# TASK DIRECTIONS:
For this exercise, repeat the whole listing below exactly. Leave the pictures out.

# GIVEN MATERIAL:
┄┄┄┄┄┄
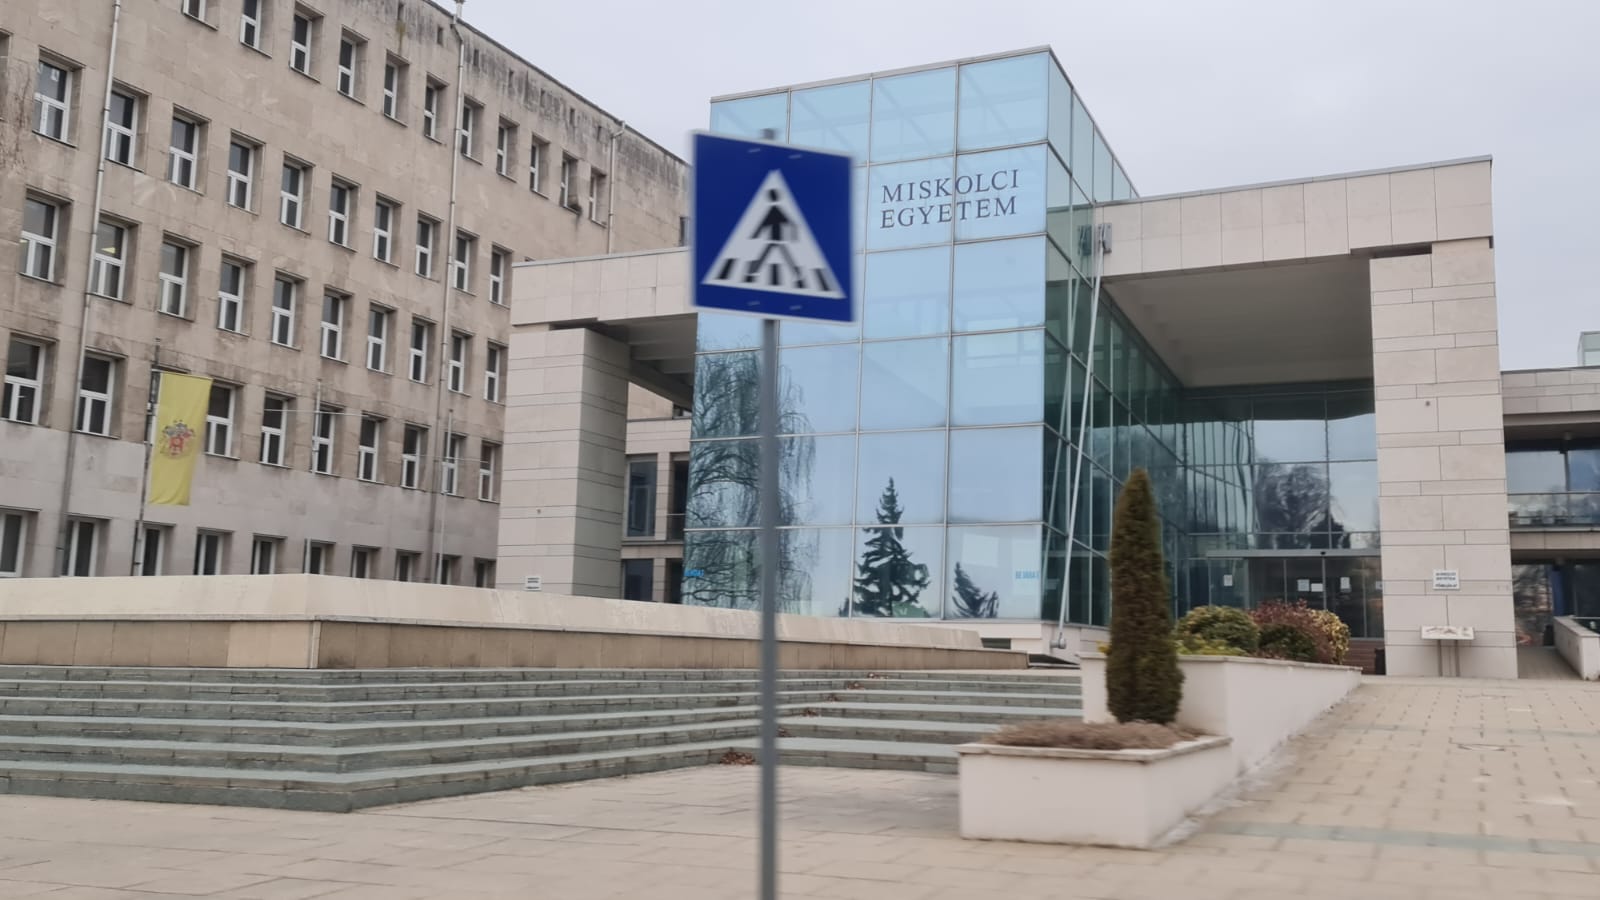 EXCLUSIV: Universitatea Petrol Gaze din Ploiesti, colaborare cu Universitatea Miskolc (Ungaria)
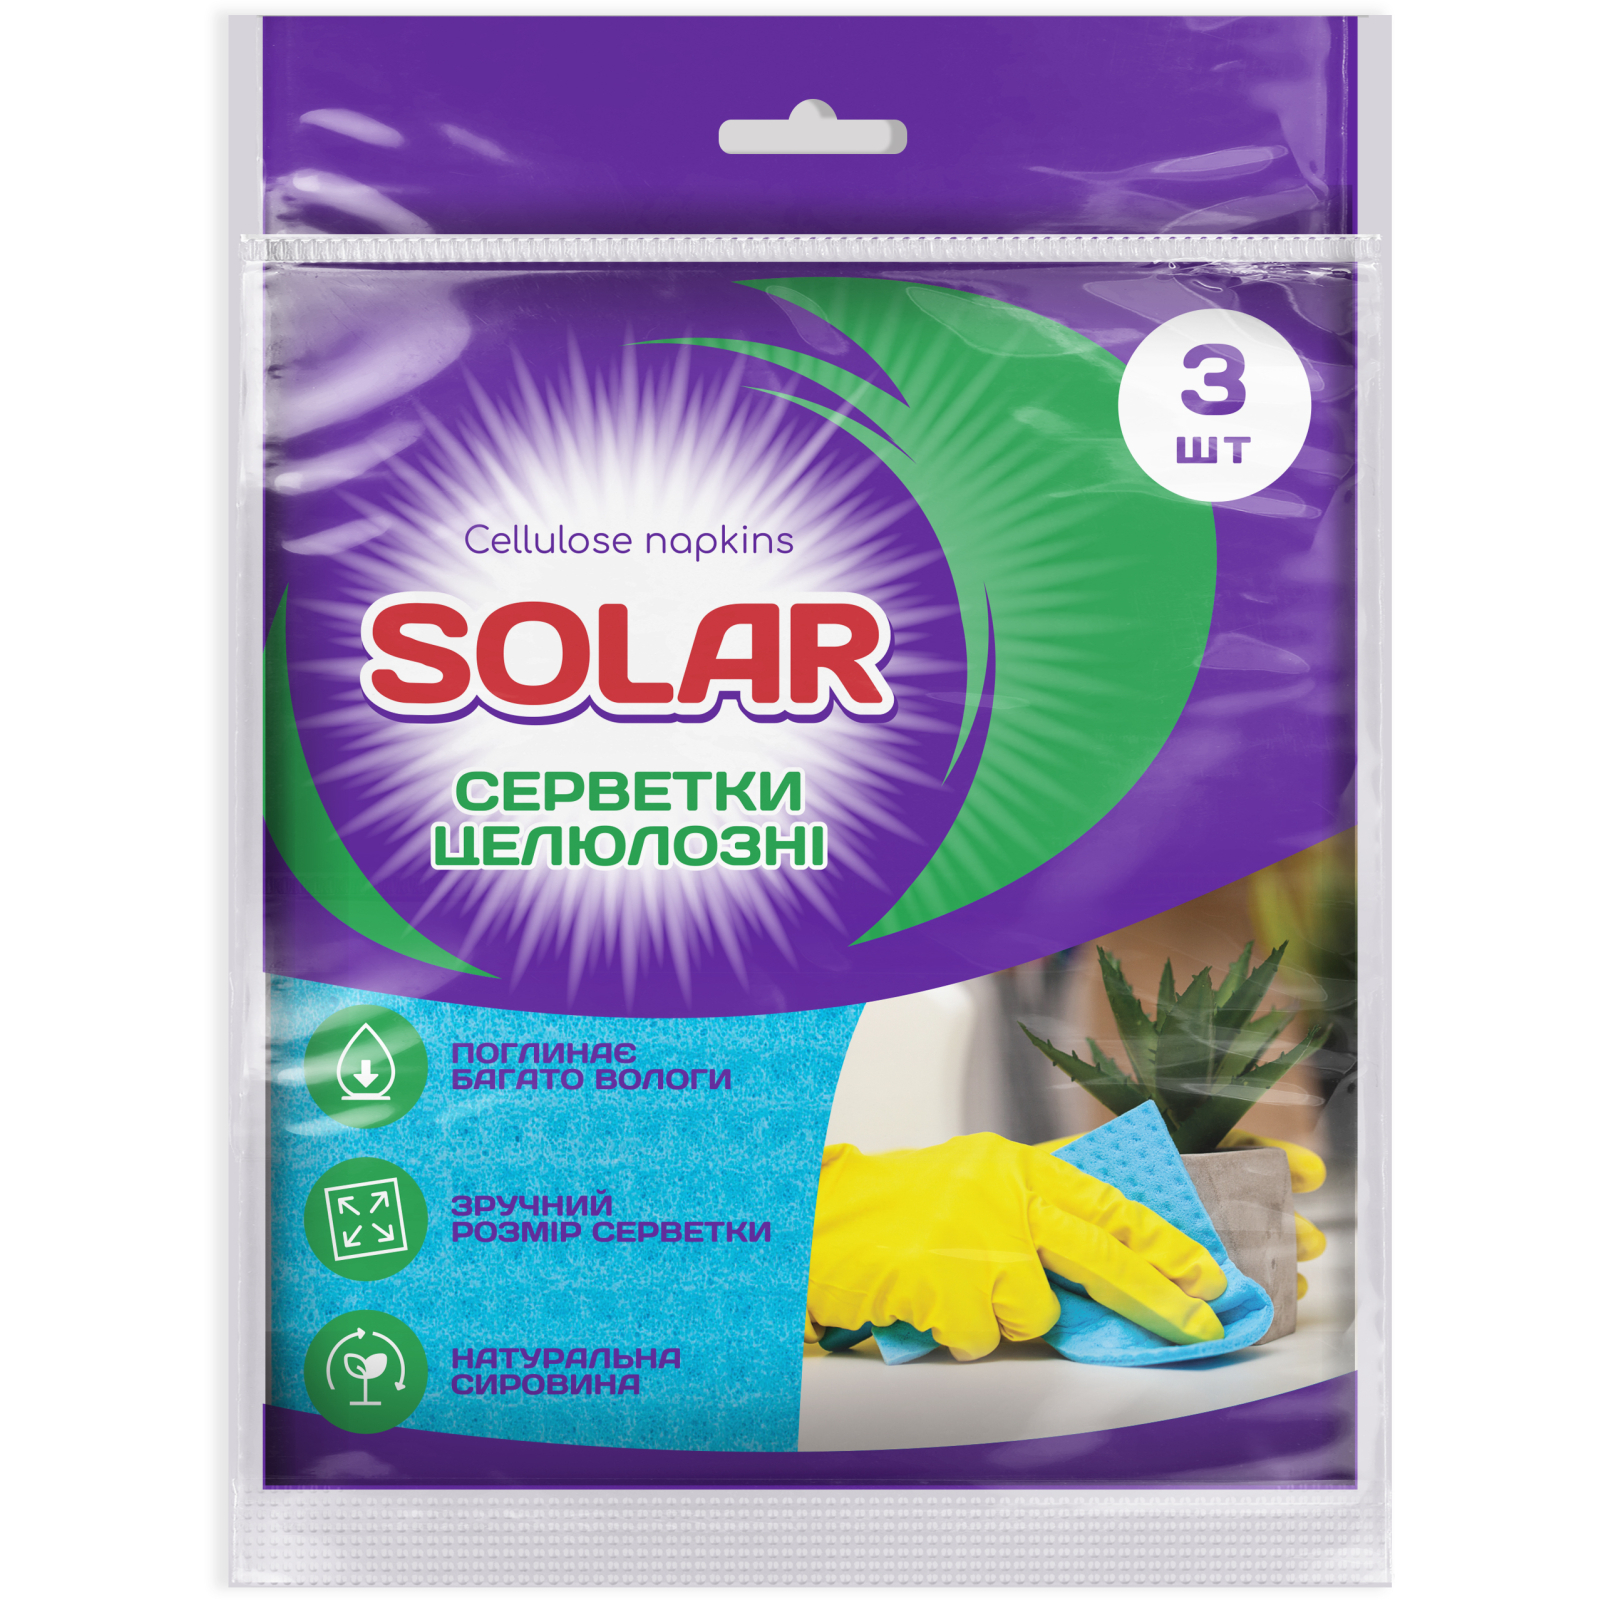 Салфетки для уборки Solar Household Целлюлозные влагопоглощающие 3 шт. (4820269930179)
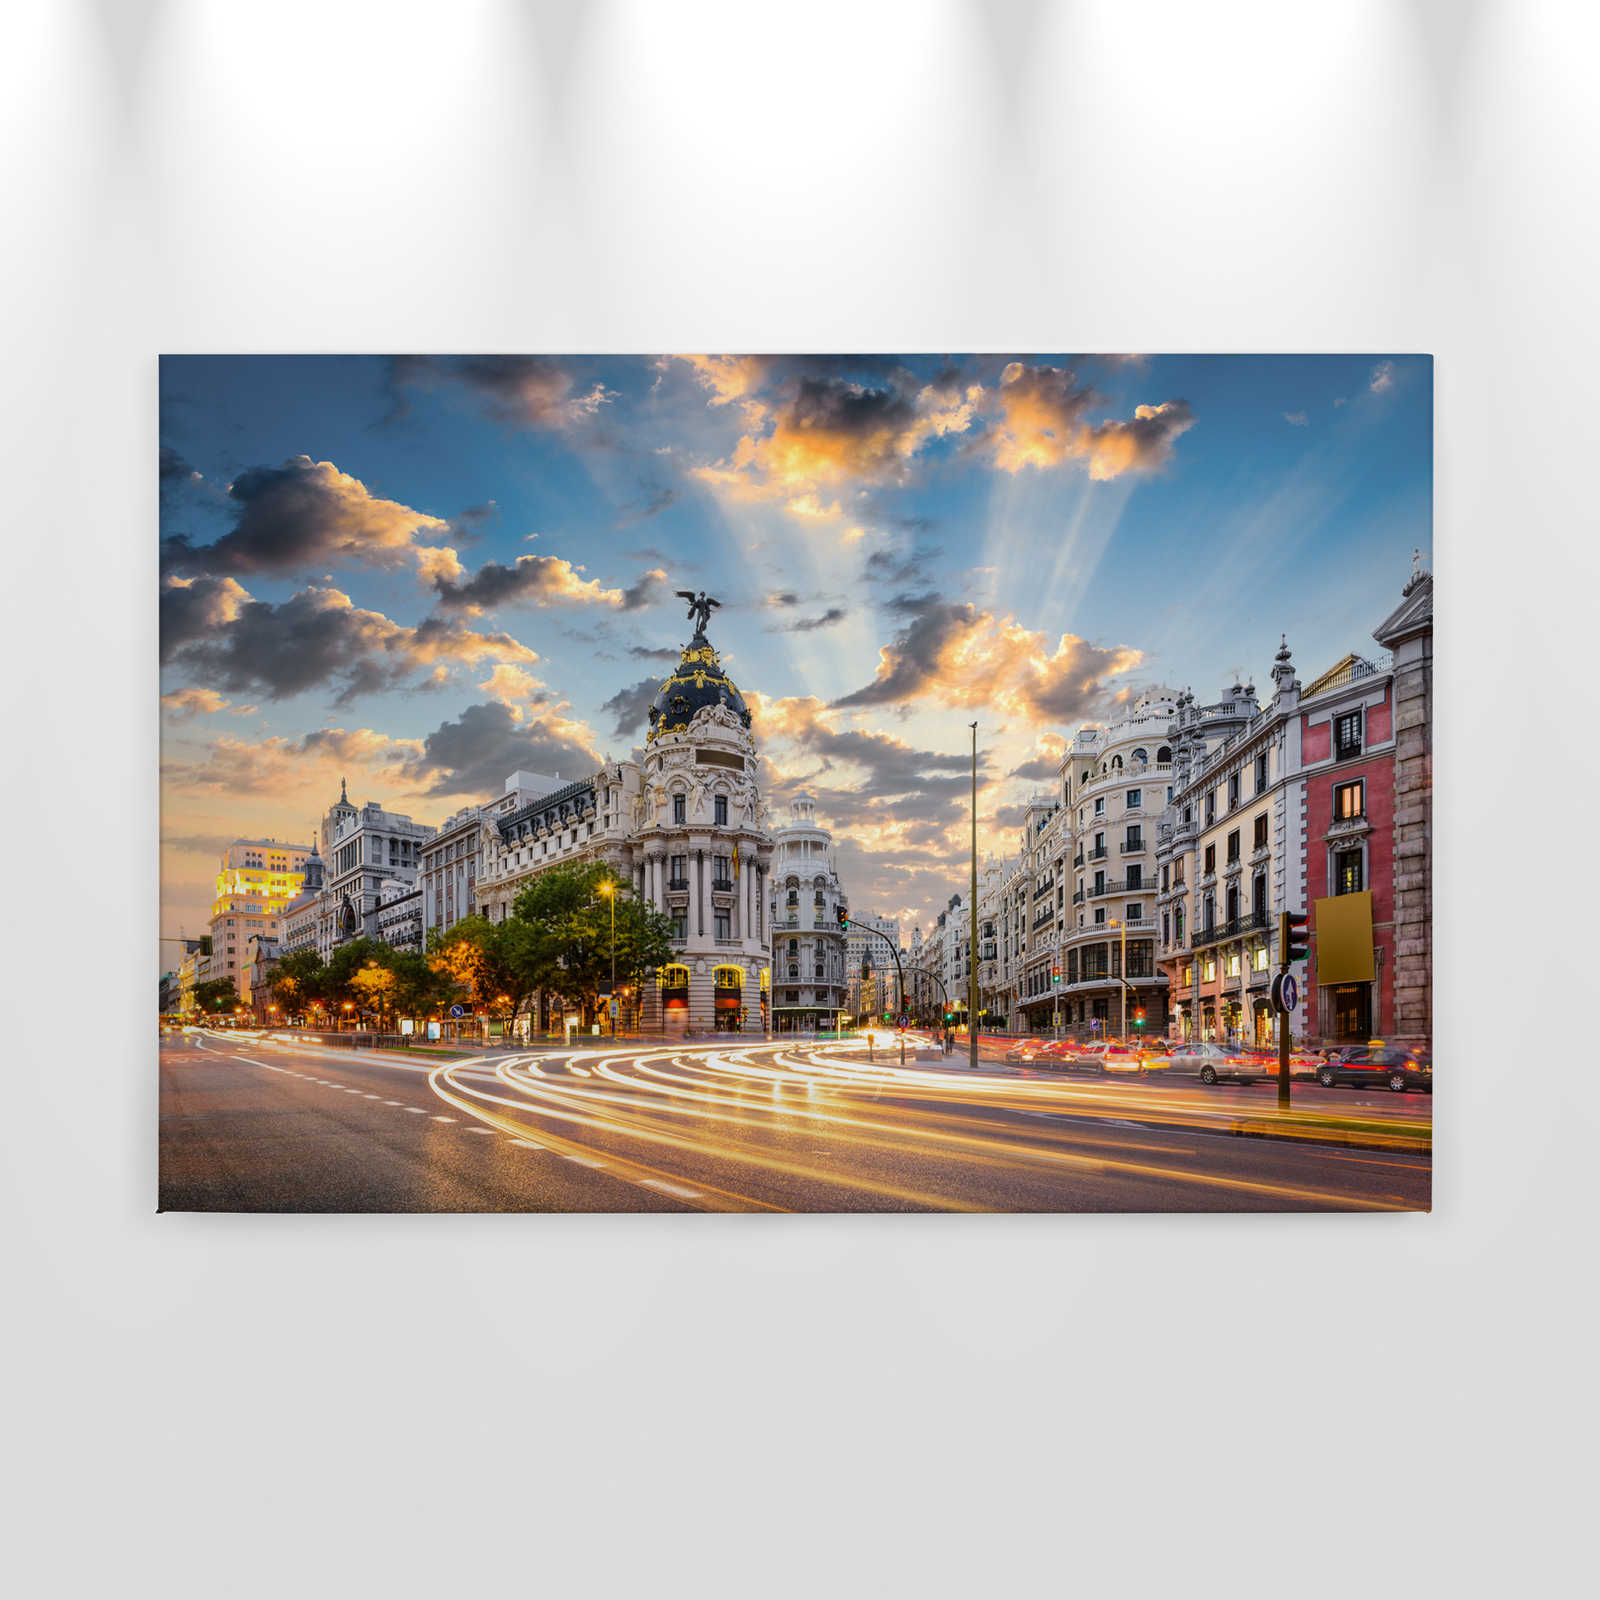             Leinwand mit Madrids Straßen am Morgen – 0,90 m x 0,60 m
┄┄┄┄┄┄
# ANSWER BOX:
 EXCLUSIV: Universitatea Petrol Gaze din Ploiesti, colaborare cu Universitatea Miskolc (Ungaria)
 Салфетки для уборки Solar Household Целлюлозные влагопоглощающие 3 шт. (4820269930179)
             Leinwand mit Madrids Straßen am Morgen – 0,90 m x 0,60 m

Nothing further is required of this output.